In: Finance
Buchholz Corporation follows a moderate current asset investment policy, but is now considering a change, perhaps to a restricted or maybe to a relaxed policy. The firm's annual sales are $400,000; its fixed assets are $100,000; its target capital structure calls for 50% debt and 50% equity; its EBIT is $50,000; the interest rate on debt is 8%; and its tax rate is 25%. With a restricted policy, current assets will be 15% of sales, while under a relaxed policy, current assets will be 25% of sales. What is the difference in the projected ROEs between the restricted and relaxed policies? Enter your answer rounded to two decimal places. Do not enter % in the answer box. For example, if your answer is 0.12345 or 12.345% then enter as 12.35 in the answer box.
Restricted policy
Sales = 400000
Current assets = 15 % of sales= 60000
Fixed Assets = 100000
Total Assets = Fixed assets + Current assetes = 160000
Capital strucuture = 50% debt, 50% equity
So, Equity = 80000
Debt = 50% of 160000 =80000
EBIT = 50000
Interest = 8% of debt
8% of 80000 6400
Tax rate = 25%
Net income = ( EBIT-Interest) * (1-tax rate)
(50000-6400)*(1-25%)
= $32700
ROE formula = Net income / Equity
32700/80000= 0.40875 or 40.88%
So, ROE under restricted policy is 40.88%
Relaxed policy
Sales = 400000
Current assets = 25 % of sales= 100000
Fixed Assets = 100000
Total Assets = Fixed assets + Current assetes = 200000
Capital strucuture = 50% debt, 50% equity
So, Equity = 100000
Debt = 50% of 160000 100000
EBIT = 50000
Interest = 8% of debt
8% of 100000 8000
Tax rate = 25%
Net income = ( EBIT-Interest) * (1-tax rate)

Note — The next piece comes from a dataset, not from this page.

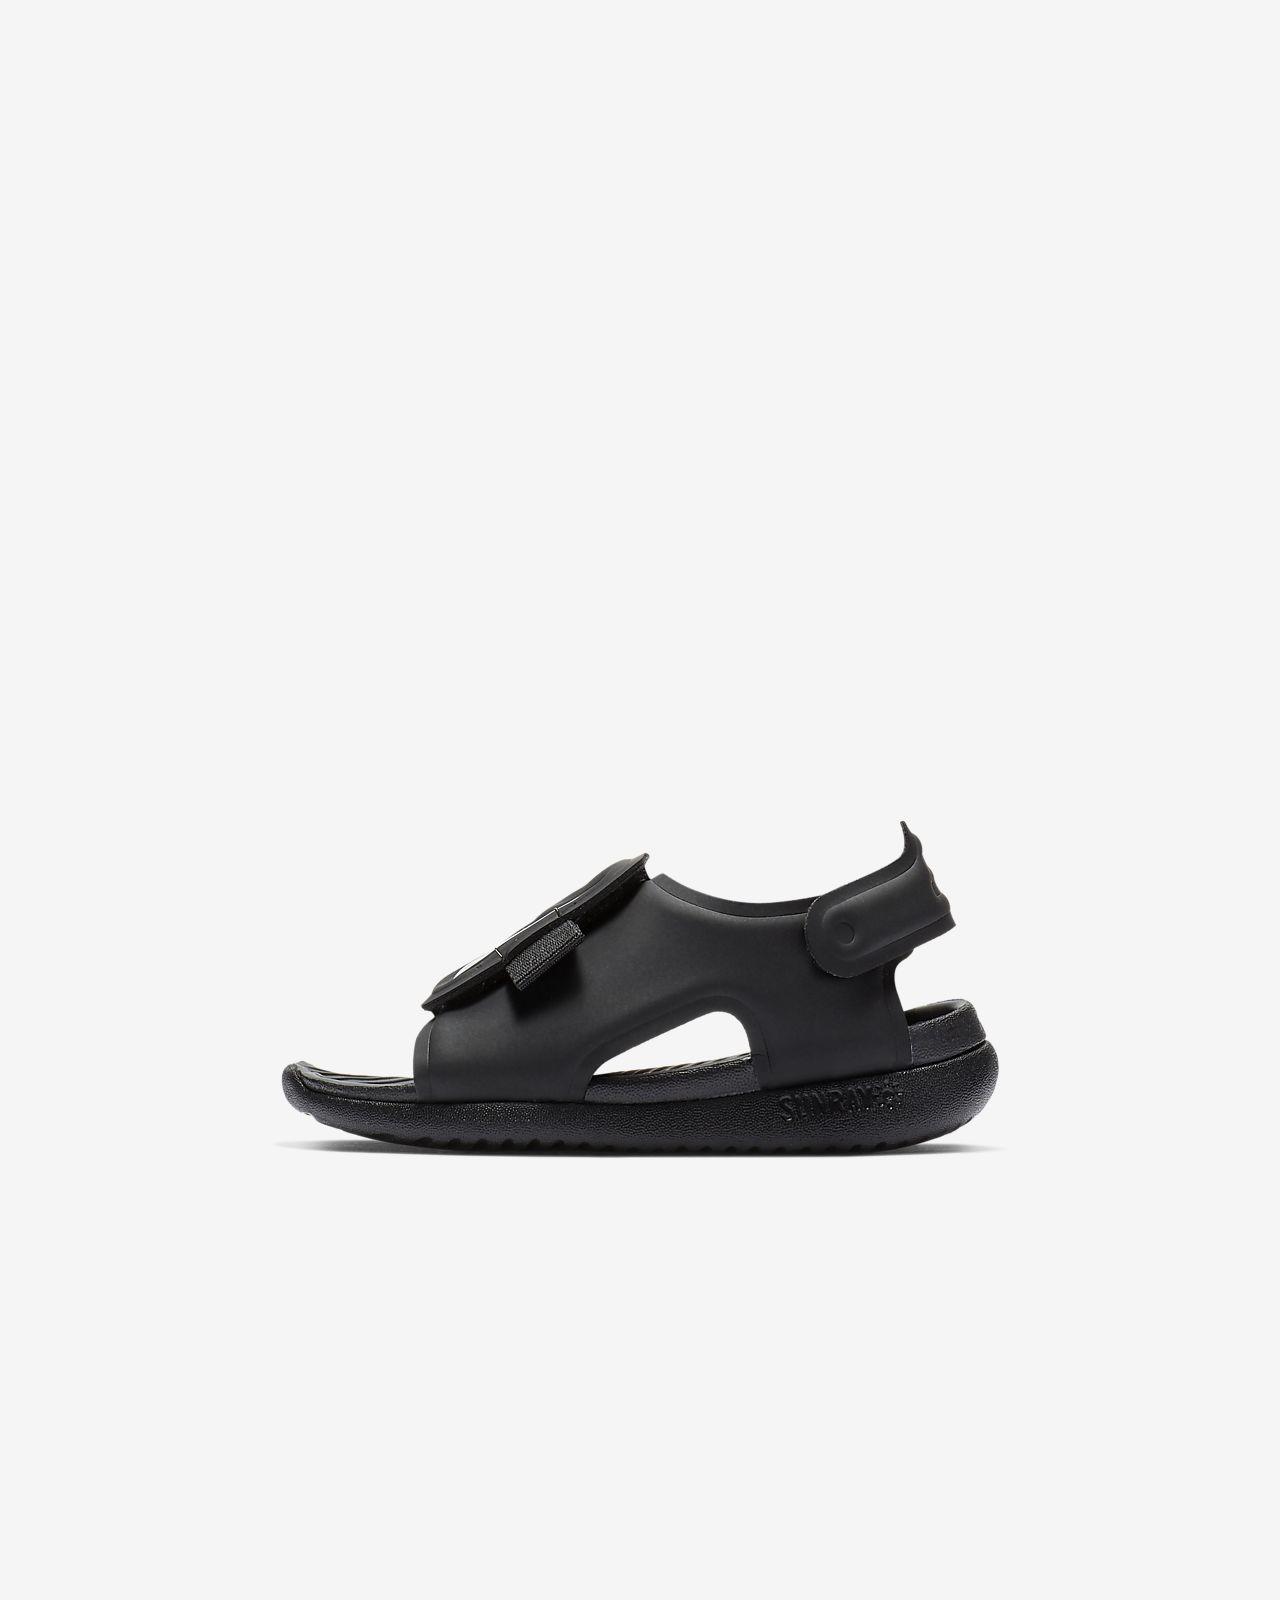 5 Bébépetit Fr Nike Sandale Enfant Pour Sunray Adjust 7wx6aWpqFS
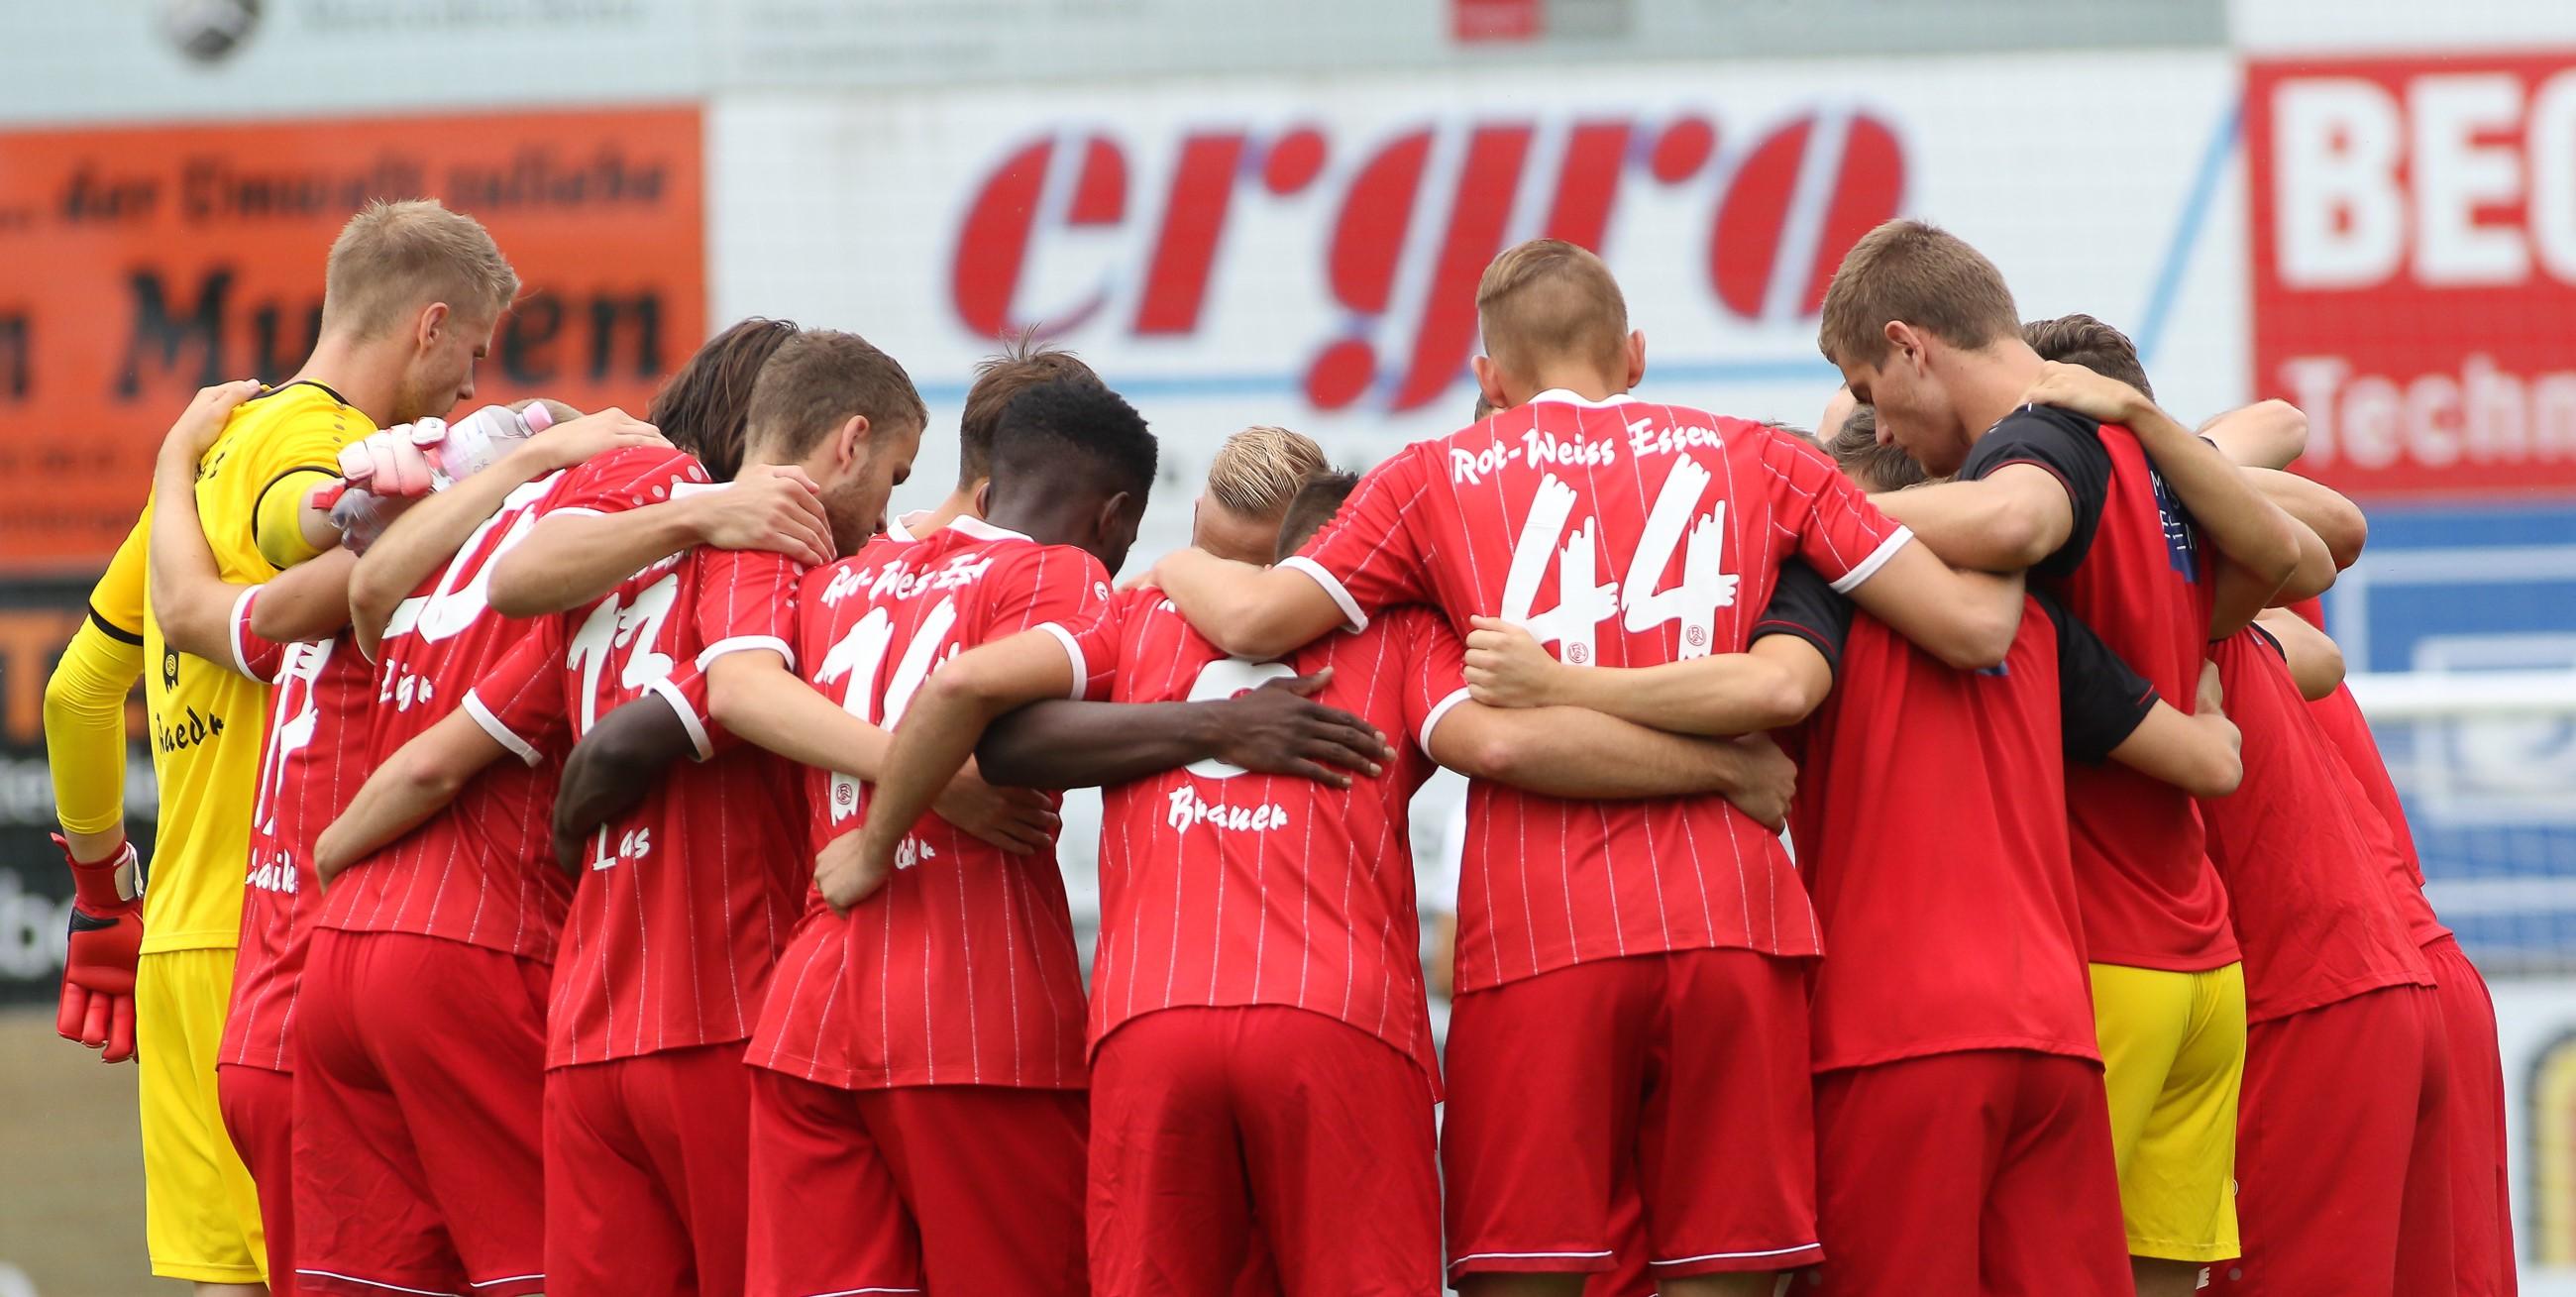 Die Mannschaft von Chef-Trainer Karsten Neitzel möchte auch aus Bergisch Gladbach Punkte mitnehmen. (Foto: Endberg)

(50000-8000)*(1-25%)= 31500
ROE formula = Net income / Equity
31500/100000= 0.315 or 31.5%
So, ROE under relaxed policy is 31.5%
Under Restricted policy ROE is 40.88% while under Relaxed policy is 31.50%. so there is difference of 9.38% in RoE. Roe is more in case of Restricted policy. So this is favourable.